---
name: hyperparameter-tuning
description: Optimize machine learning model hyperparameters using grid search, random search, Bayesian optimization, and Hyperband to maximize model performance within a compute budget.
license: MIT
metadata:
  author: AI Agent Skills
  version: 1.0.0
---

# Hyperparameter Tuning

This skill enables an AI agent to systematically search for optimal hyperparameter configurations for machine learning models. It covers defining search spaces, selecting search strategies (grid, random, Bayesian, Hyperband), running trials with cross-validation, applying early stopping to prune poor configurations, and analyzing results to identify the best-performing parameters. The agent balances exploration and exploitation to find strong configurations within a given computational budget.

## Workflow

1. **Define the search space:** Specify each hyperparameter with its type (categorical, integer, float) and range. Use log-uniform distributions for parameters that span orders of magnitude (e.g., learning rate from 1e-5 to 1e-1). Group related parameters and define conditional search spaces where certain parameters only apply when others take specific values.

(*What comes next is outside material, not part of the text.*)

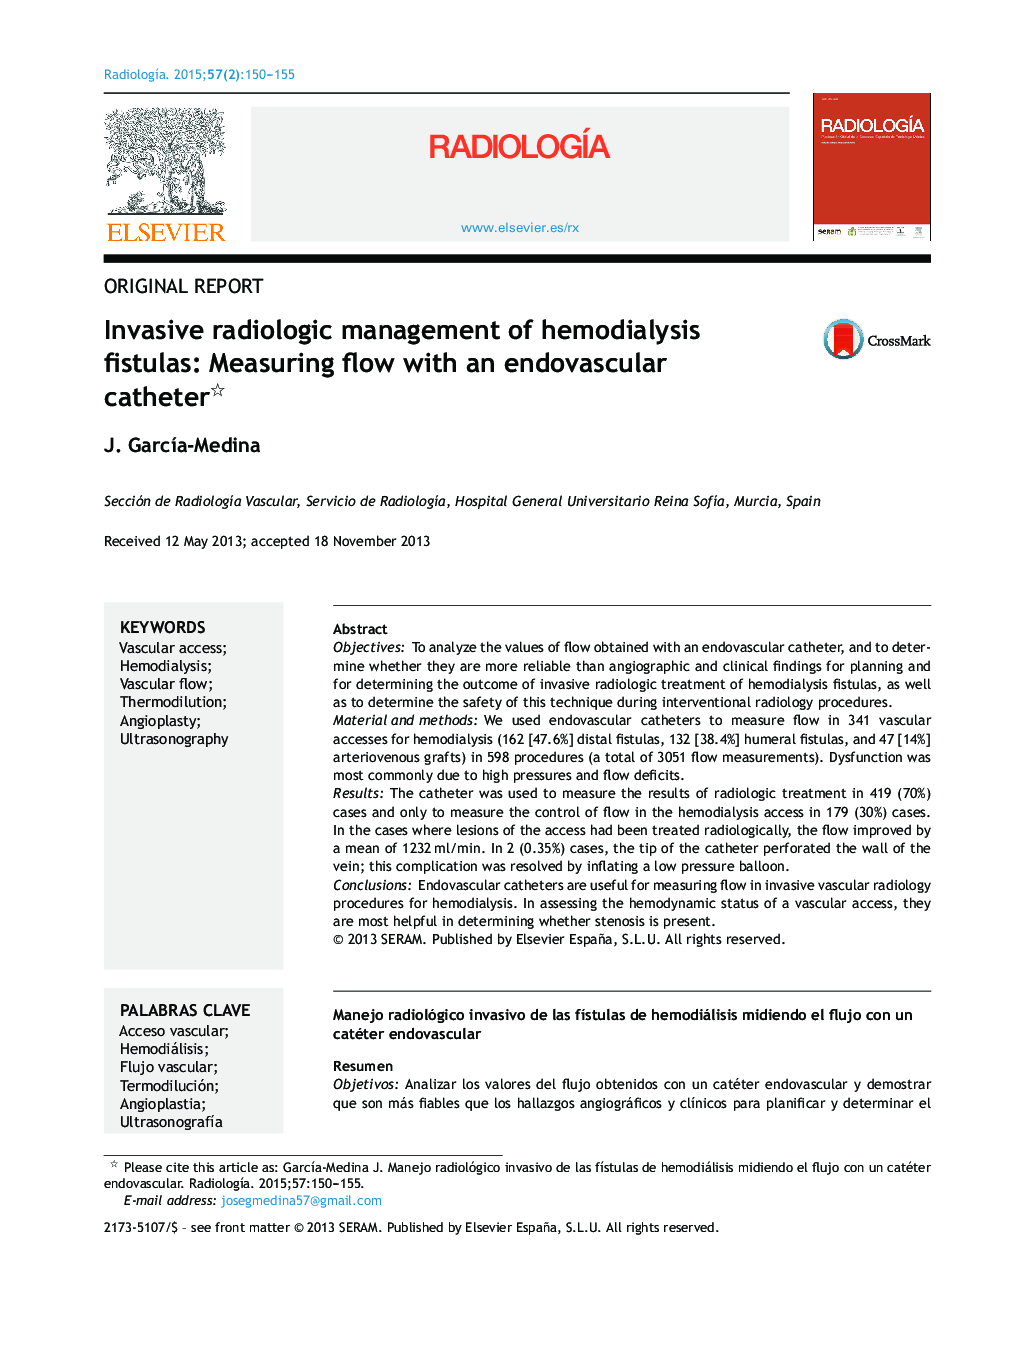 Invasive radiologic management of hemodialysis fistulas: Measuring flow with an endovascular catheter 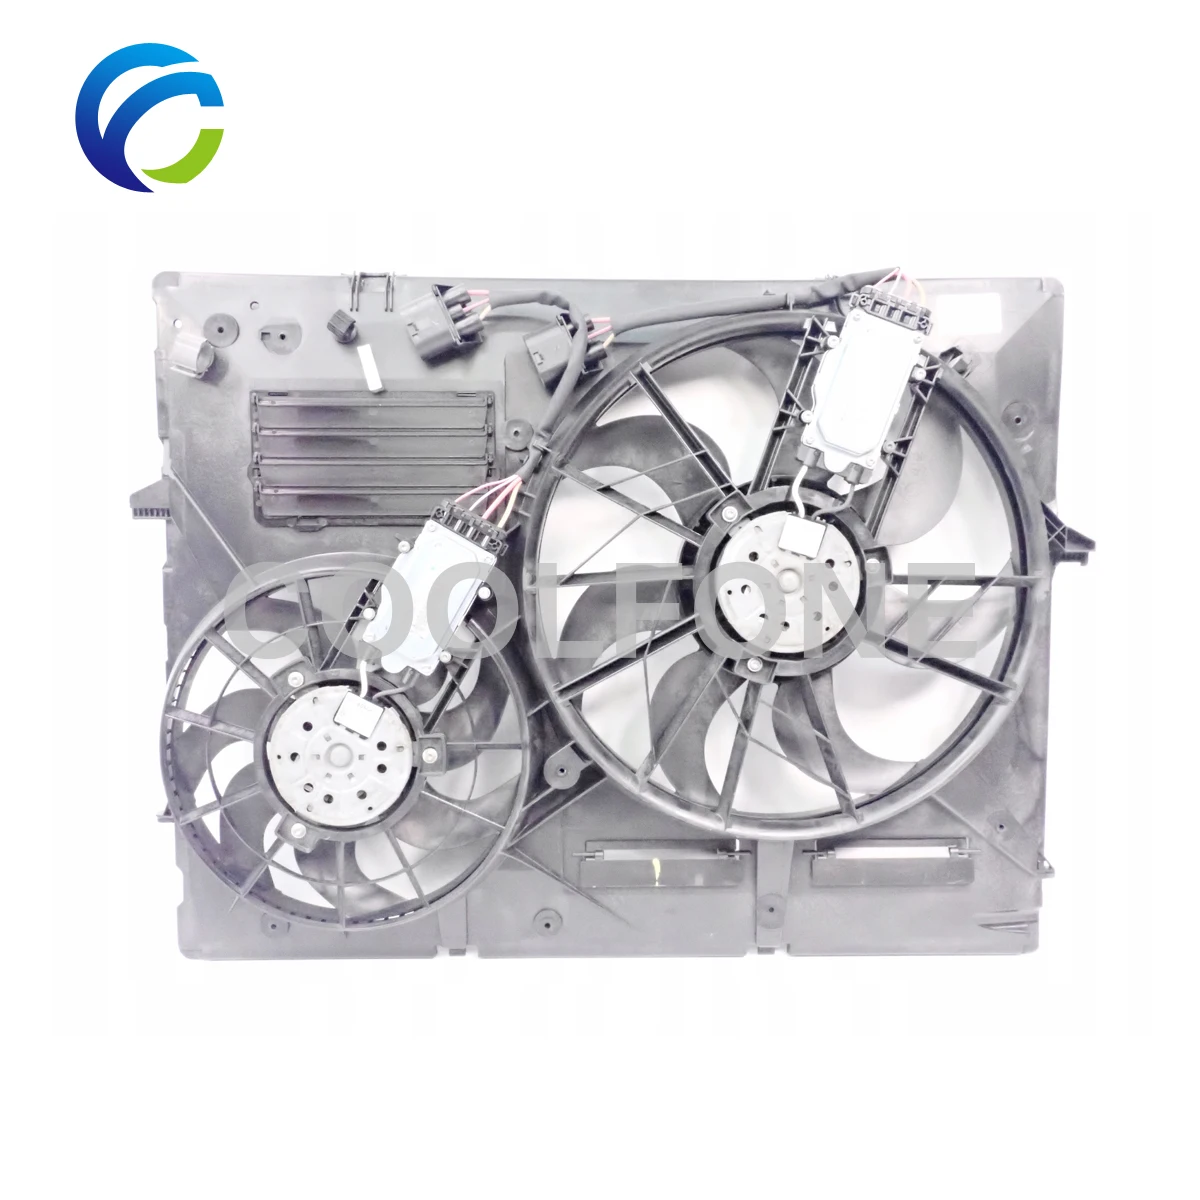 

Electric Cooling Fan for AUDI Q7 4LB VW TOUAREG 2.5TDI 3.0T 3.2 4.2 5.0 6.0 0130307091 7L0121207D 7L0121207A

2. **Select the search strategy:** Choose the tuning algorithm based on compute budget and search space size. Grid search is exhaustive but only feasible for small spaces. Random search is a strong baseline that scales better. Bayesian optimization (Tree-structured Parzen Estimators or Gaussian Processes) is most sample-efficient for expensive evaluations. Hyperband and ASHA combine early stopping with random search for deep learning workloads.

3. **Configure evaluation:** Set up k-fold cross-validation (typically 5-fold) for reliable performance estimates on small to medium datasets. For large datasets or expensive models, use a single holdout validation set. Define the objective metric to optimize (e.g., validation F1, AUC-ROC, RMSE) and whether to minimize or maximize it.

4. **Run trials with pruning:** Execute the search, launching trials in parallel when possible. Enable pruning to terminate underperforming trials early based on intermediate results (e.g., after a few epochs of training), freeing compute for more promising configurations.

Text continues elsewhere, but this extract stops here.